## What you need to do
Set out exactly every line of the entries below, starting at the line that holds "Relógio Technos Masculino" and stopping after the line that holds "Vorgehen 1. Informationen".

## Study material
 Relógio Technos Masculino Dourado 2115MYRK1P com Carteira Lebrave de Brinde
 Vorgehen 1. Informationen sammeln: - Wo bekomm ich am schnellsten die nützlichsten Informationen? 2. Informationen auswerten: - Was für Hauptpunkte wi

* * *

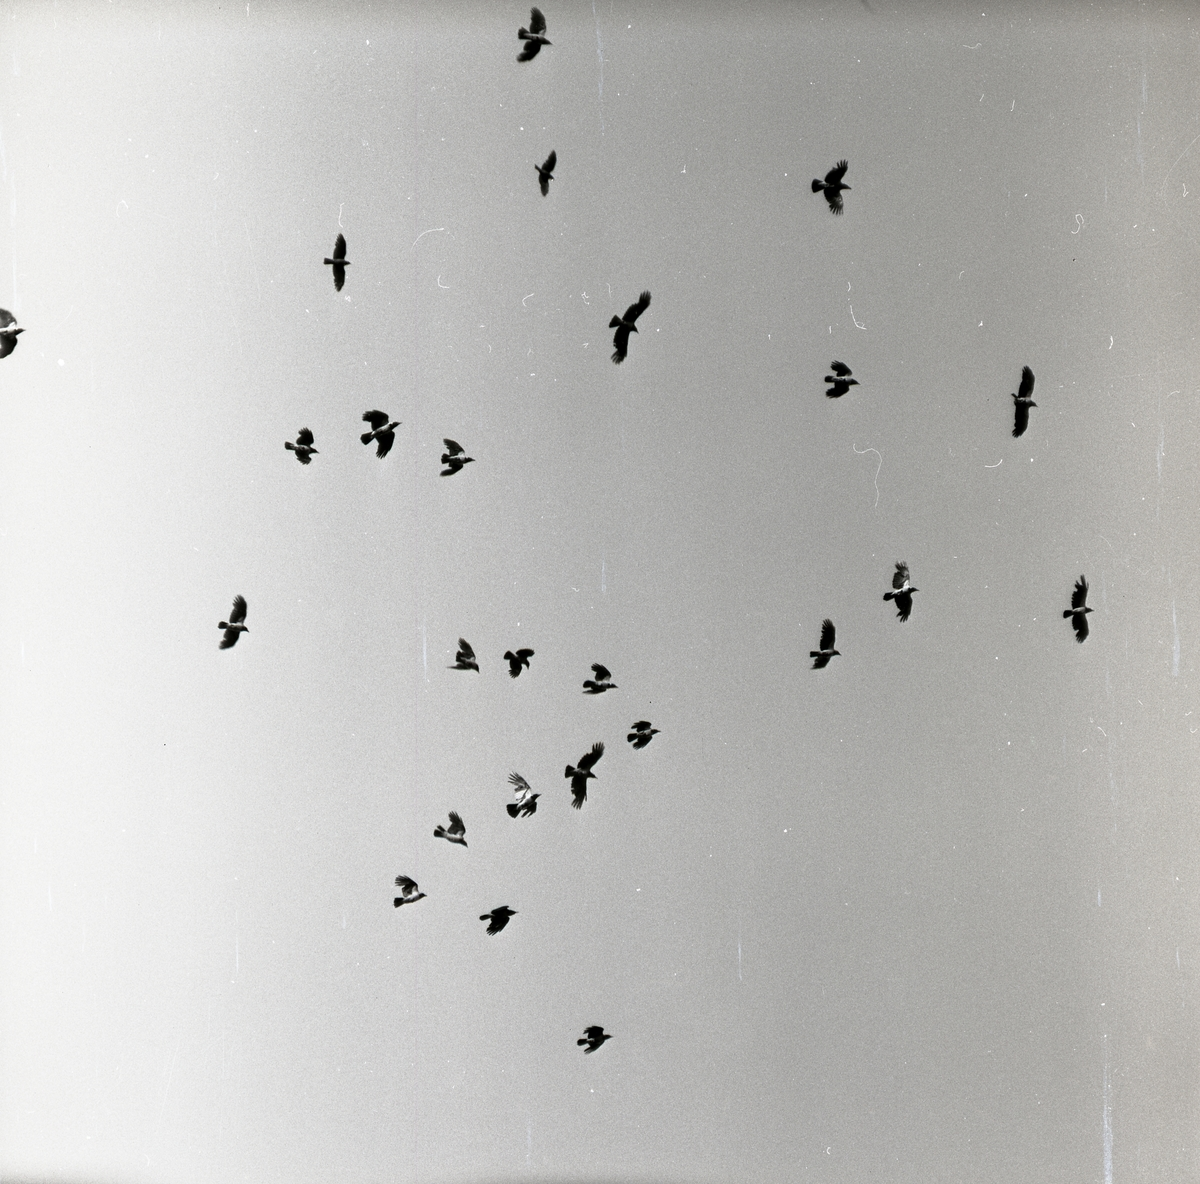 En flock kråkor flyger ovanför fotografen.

## Answer below
 Relógio Technos Masculino Dourado 2115MYRK1P com Carteira Lebrave de Brinde
 Vorgehen 1. Informationen sammeln: - Wo bekomm ich am schnellsten die nützlichsten Informationen? 2. Informationen auswerten: - Was für Hauptpunkte wi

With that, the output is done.